In 1990, Akihiro Takahashi, then a director of the Hiroshima Peace Culture Foundation, commented on how Hiroshima is co-opted by “both sides” for political purposes, stating, “We have to rise above this sort of partisanship in order to abolish nuclear weapons in the world.”[ix] I agree with this vision of abolishing nuclear weapons, but I also question that moments in history—let alone those of spectacular violence—can ever be untangled from politics. Nor do I think they should. Although peace is a value that resonates globally, it is neither apolitical nor universal. Instead, it is molded through complex negotiations of power and in the service of a plurality of interests that are frequently in conflict with one another. Part of this process of working towards a more critical understanding of peace, in my view, is to remind ourselves that individuals and their governments are not one and the same and, moreover, that there is a gulf of power between them. Doing so might enable us to follow the empathies that emerge when we see material witnesses to remember that victims do not become such simply in an isolated and tragic moment but within a broader calculus that frequently sacrifices human lives in the service of power.
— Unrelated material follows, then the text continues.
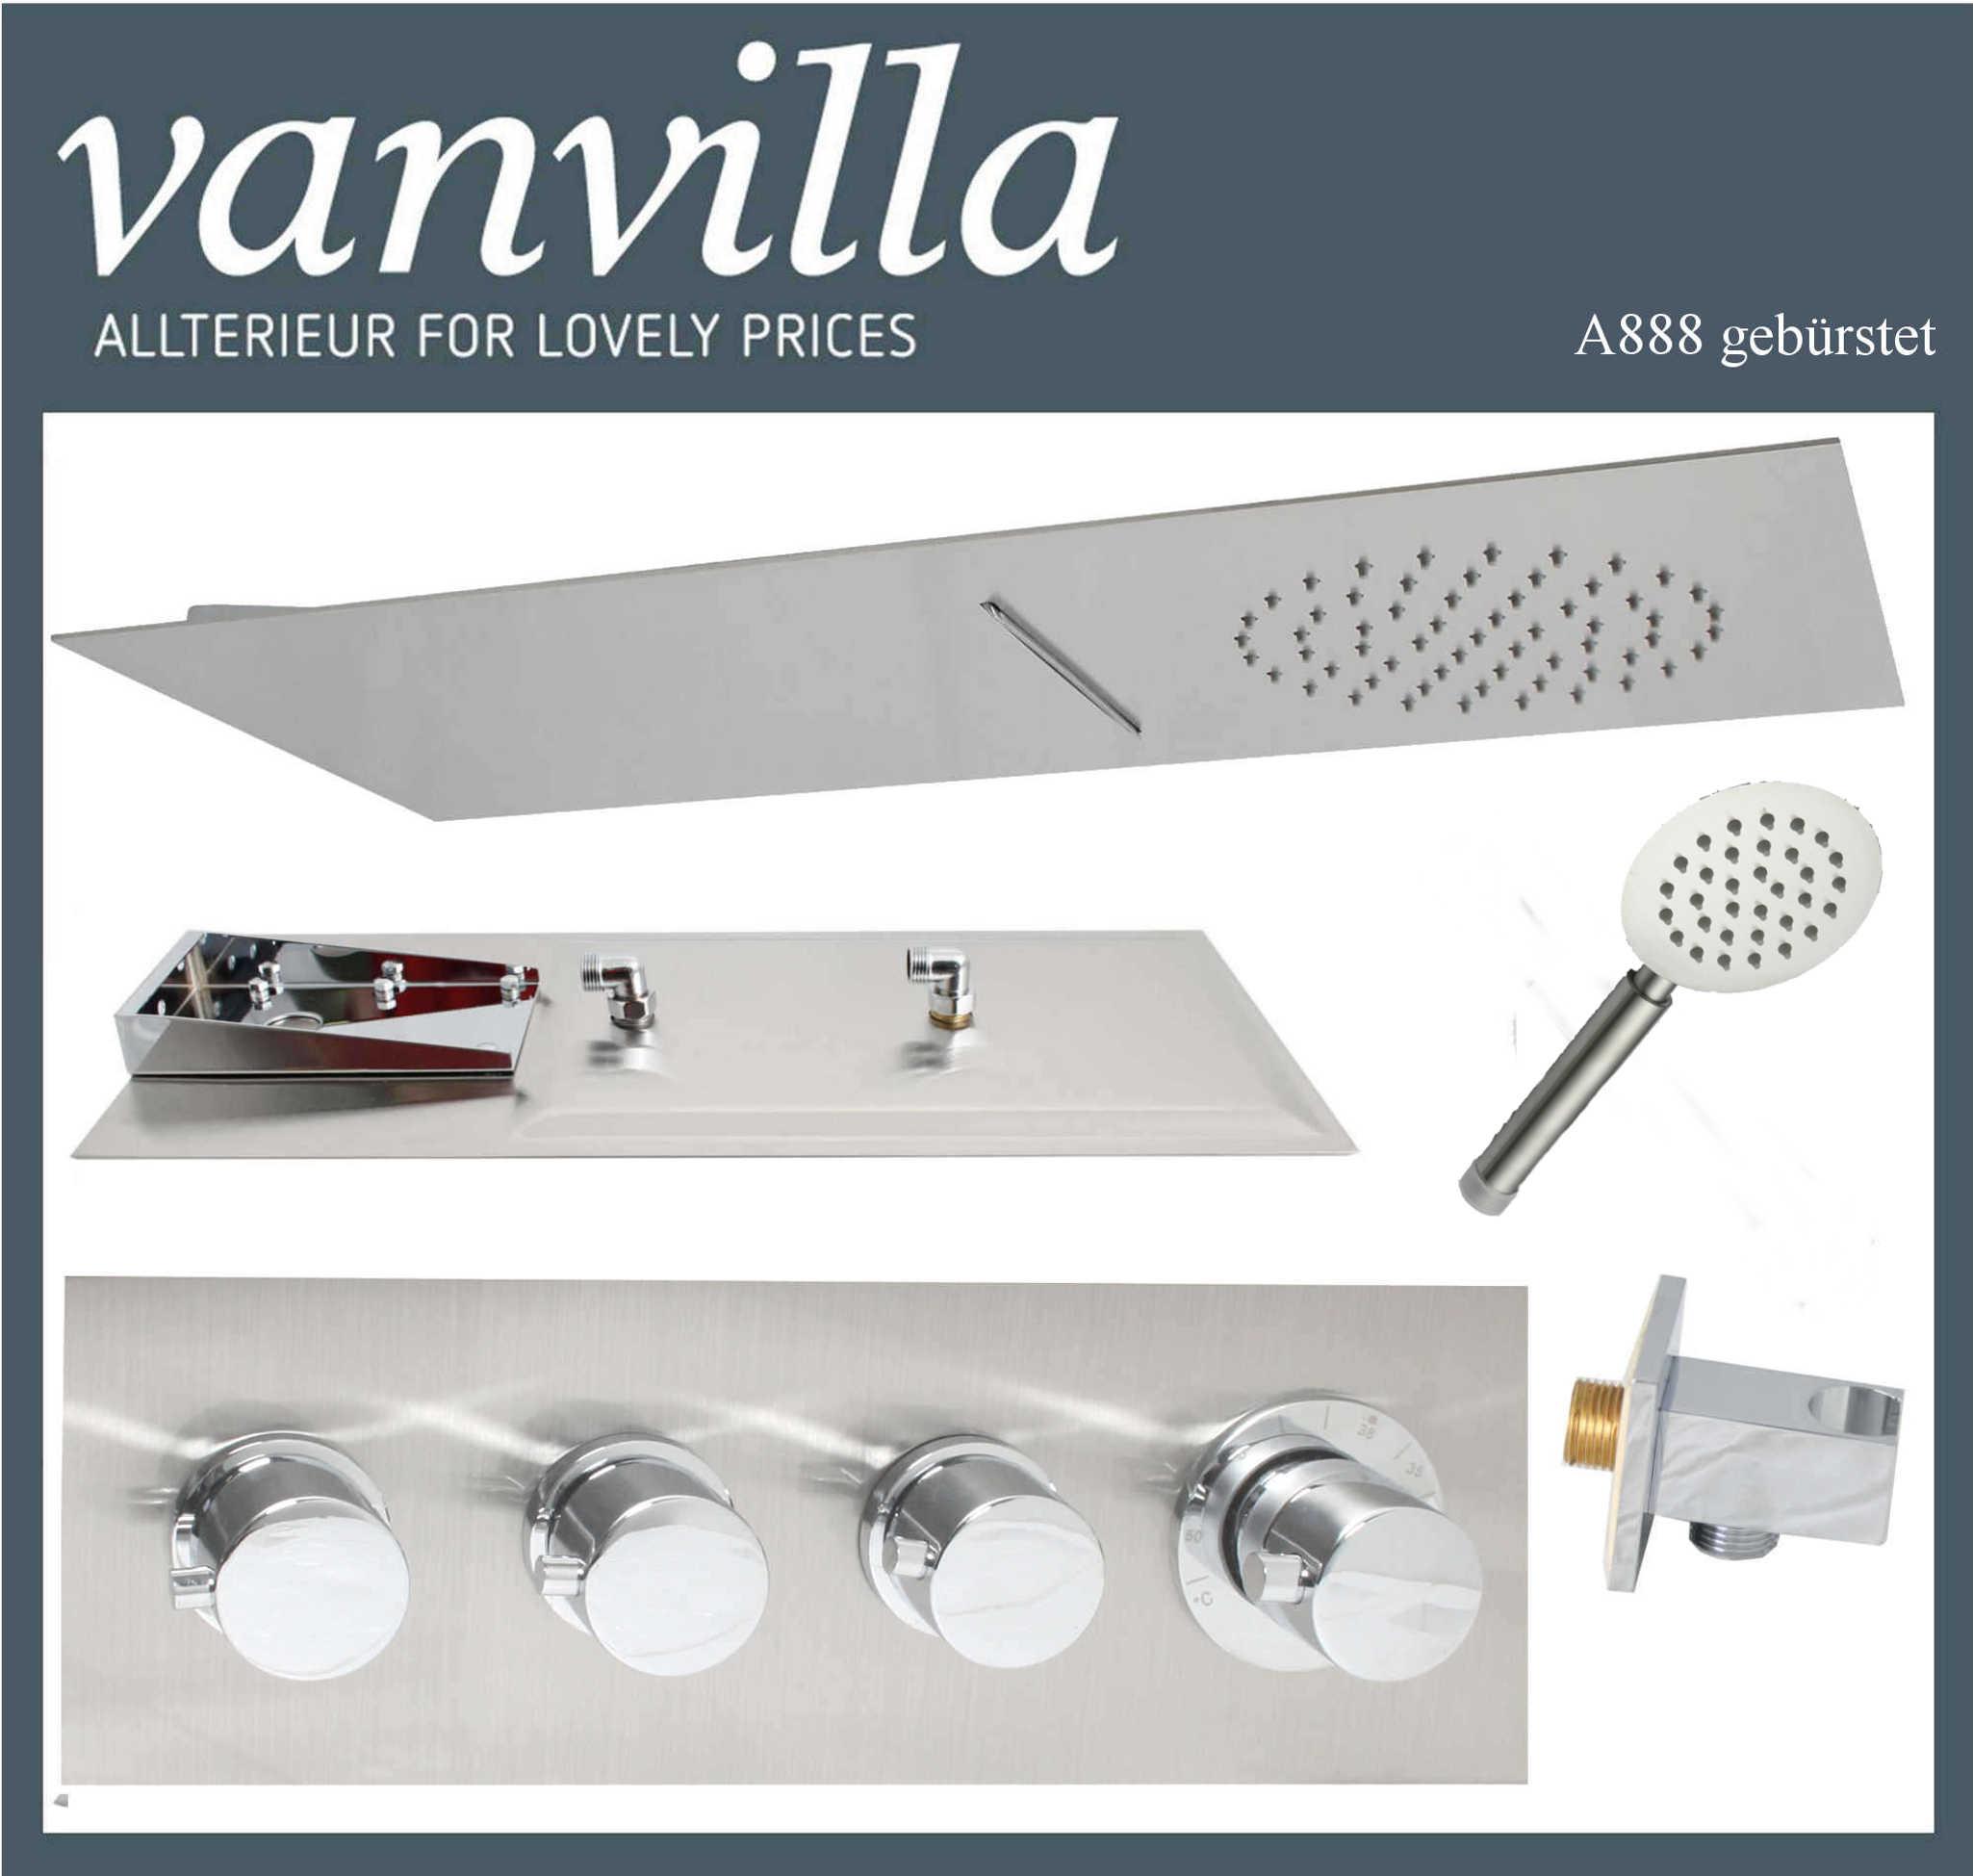 vanvilla unterputz thermostat set duscharmatur schwallbrause regendusche 888 ebay. Black Bedroom Furniture Sets. Home Design Ideas

[i] Scandura, Jani. “The Horror of Details: Obsolescence and Annihilation in Miyako Ishiuchi’s Photography of Atomic Bomb Artifacts,” in Cultures of Obsolescence: History, Materiality, and the Digital Age, ed. Babette B. Tischleder and Sarah Wasserman (New York: Palgrave Macmillan, 2015), 150.
[ii] Yoneyama, Lisa. Hiroshima Traces Time, Space, and the Dialectics of Memory. (Berkeley: University of California Press, 1999), 15.
[iii] Ibid, 12
[iv] Anonymous museum official, interview, 2014.
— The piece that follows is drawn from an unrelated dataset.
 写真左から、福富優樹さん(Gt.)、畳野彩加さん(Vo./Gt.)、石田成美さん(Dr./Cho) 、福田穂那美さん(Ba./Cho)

[vi] Weisman, Steven R. “At Atomic Shrine, All the Horror, Nothing of Guilt,” The New York Times, Apr 19, 1990.
[vii] Anonymous museum official, interview, 2014.
[viii] Hiroshima Peace Memorial Museum Curatorial Division. “Complete Renovation of Hiroshima Peace Memorial Museum,” Peace Culture English Newsletters 7, http://www.pcf.city.hiroshima.jp/hpcf/english/ (Accessed August 1, 2015).
[ix] Weisman, Steven R. “At Atomic Shrine, All the Horror, Nothing of Guilt,” The New York Times, Apr 19, 1990.